# gel batteries



## forterotwins (Feb 25, 2008)

Hi all
I have gel a battery fitted to my dethleffs it has worked really well up until a couple of months ago for no reason it seems to loose it charge from 13.5 to 11.5 in about a week nothing is left on but we leave the 12 volt system switched as we have always done .
The battery is five years old is this the expected life of a gel battery or could this be a a problem with something draining the battery i do not want to go out and buy a new one if its ok .
is there a way of testing the battery to see if it is holding its charge??
any help appreciated


----------



## Touchwood_RV (May 1, 2005)

*Gel Batteries*

Hi forterotwins
Batteries are defined as having a life expectancy based on charge/discharge cycles. I.e. one life cycle is starting at maximum charge to a discharge of around 20%, from which point you recharge back to fully charged. Most battery manufacturers rate their batteries based on this and the quantity of cycles will depend on the make size and quality etc but as rule of thumb you could estimate up to 600 cycles. I presume the GEL you note is the house battery? The big issues even with GEL the longer they sit around the more they can sulphate. This is all guess work as I have no idea what your load and life cycle has been but I would suggest that at 4 to 5 years lite use with not running at full life cycles at times is about the limit, i.e. they are not holding their charge. As for testing there are various way assuming you can apply a steady known load and accurately measure the discharge rate etc. Or better still I recommend take it fully charged to a good quality battery retailer and ask them to do the appropriate load testing for the battery type size.
Don't buy until it is fully tested, but it sounds like its time for a new one….
Hope that helps?


----------



## BillCreer (Jan 23, 2010)

I have just replaced my 11 year old gel with 2 newer ones. I didn't change it because of any fault it's just that I wanted a matched pair.
A 2 volt drop is about what I would expect with 1 cell failing but the only way to tell is by getting it tested.
Is it getting hot when on charge?


----------



## BillCreer (Jan 23, 2010)

I take that as no then


----------



## forterotwins (Feb 25, 2008)

*sorry*



BillCreer said:


> I take that as no then


 Sorry Bill in delay will check that out thanks for tip
lawrence


----------



## Mikemoss (Sep 5, 2005)

Not sure if this will be of any help as my only experience of a gel battery is the one in my wife's Mazda MX5. The car gets infrequent use (a bit like a motorhome I guess) and the battery has flattened itself a couple of times.

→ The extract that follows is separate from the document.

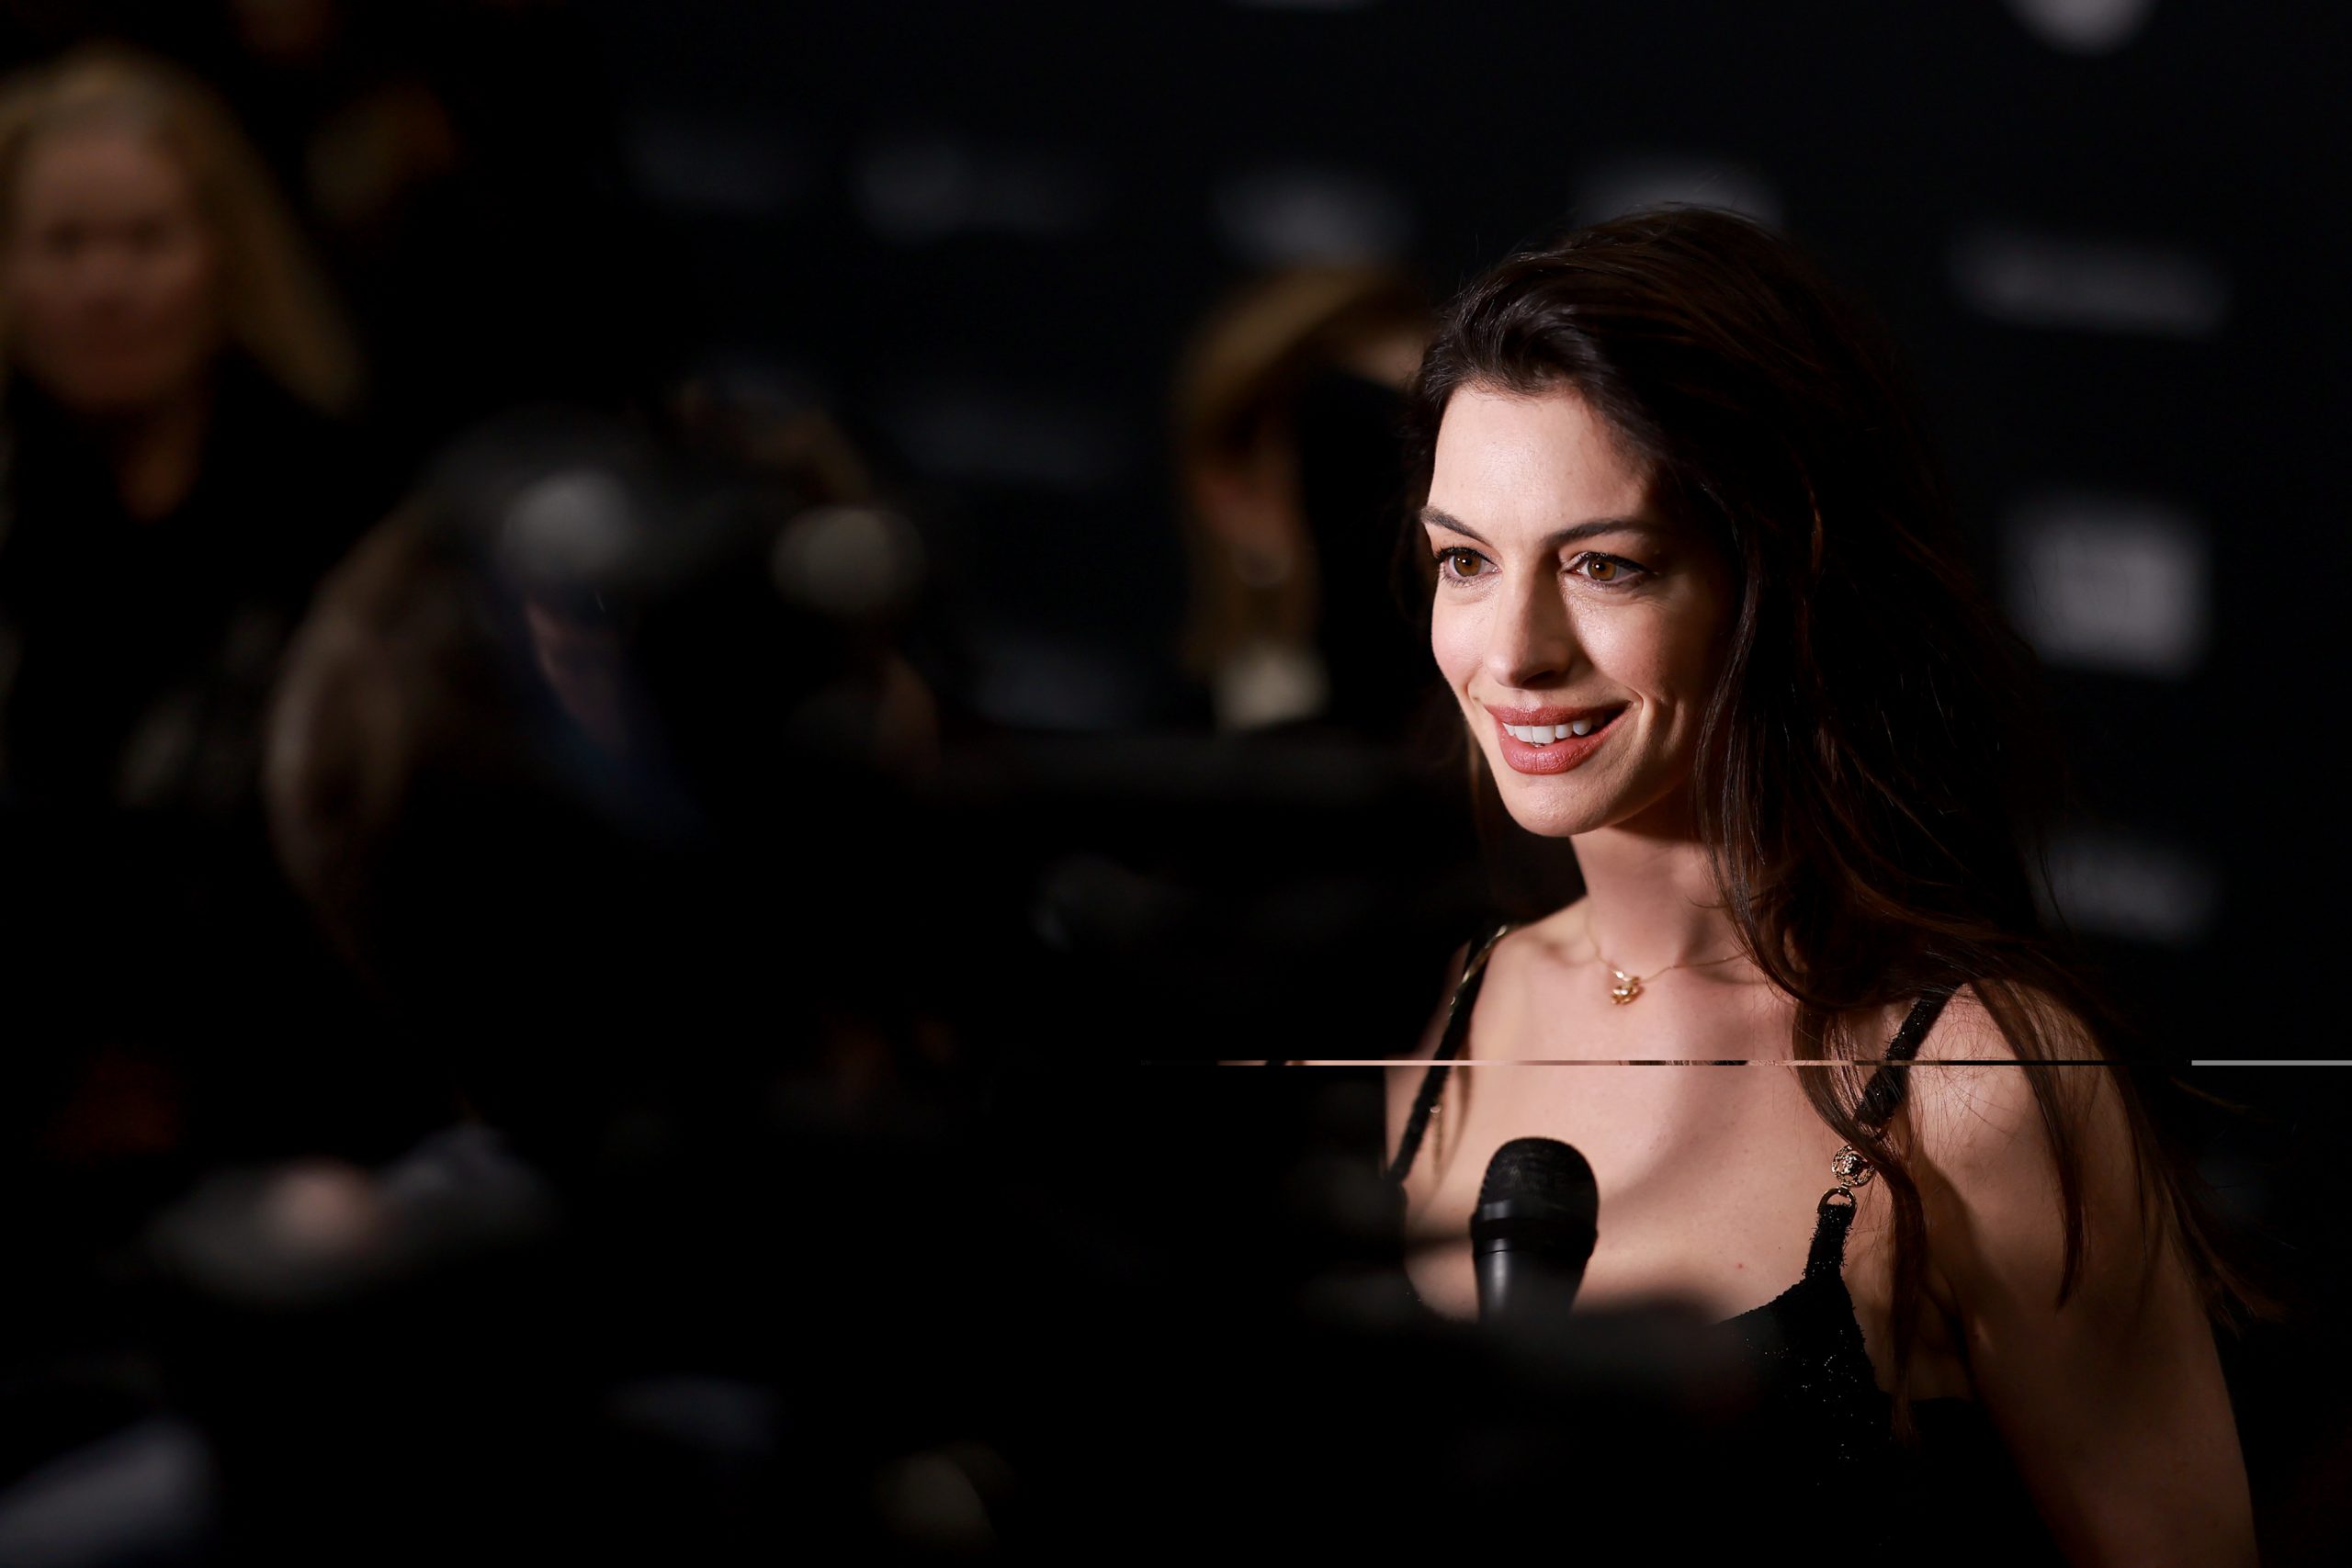 Μπουφάν (μέχρι και) στο red carpet; Η Anne Hathaway μπορεί άρα κι εσύ!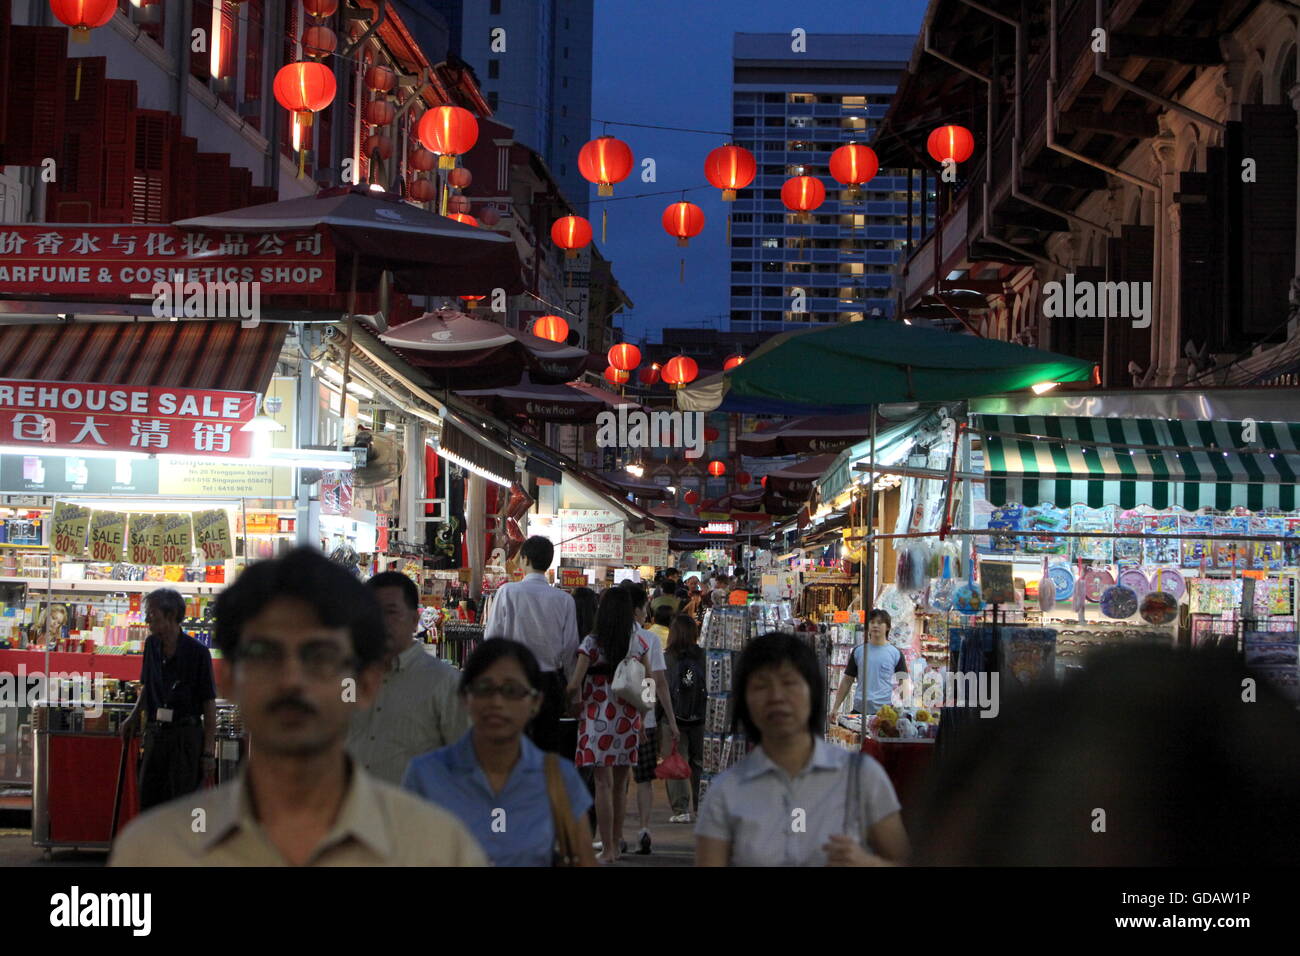 Asiatische Laternen in einem Laden im Chinatown und Altstadt von Singapur im Inselstaat Singapur in Asien. Stock Photo

The first time, it recharged OK overnight using a Sterling digital charger.

The second time it stayed resolutely dead until the supplier told me it would need to be left on charge for one week. He was right - it's fine now.


----------



## forterotwins (Feb 25, 2008)

Mikemoss said:


> Not sure if this will be of any help as my only experience of a gel battery is the one in my wife's Mazda MX5. The car gets infrequent use (a bit like a motorhome I guess) and the battery has flattened itself a couple of times.
> 
> The first time, it recharged OK overnight using a Sterling digital charger.
> 
> The second time it stayed resolutely dead until the supplier told me it would need to be left on charge for one week. He was right - it's fine now.


CHEERS will try a long charge with using it see if that does the trick.


----------



## DABurleigh (May 9, 2005)

Lawrence,

Your battery could be fine but you have a constant load on it.

Simplest way to check is with a multimeter, £5 from Maplin.

Dave


----------



## forterotwins (Feb 25, 2008)

DABurleigh said:


> Lawrence,
> 
> Your battery could be fine but you have a constant load on it.
> 
> ...


TELL ME MORE what am i looking for got multi meter what reading am i looking at ???
cheers dave


----------



## DABurleigh (May 9, 2005)

You need to connect it in ammeter mode (10A) in series between the negative and chassis. See how small (or worringly big...) it is.

Dave


----------



## forterotwins (Feb 25, 2008)

DABurleigh said:


> You need to connect it in ammeter mode (10A) in series between the negative and chassis. See how small (or worringly big...) it is.
> 
> Dave


Thanks Dave will have ago see i the numbers are big ???? hope not
cheers see you soon


----------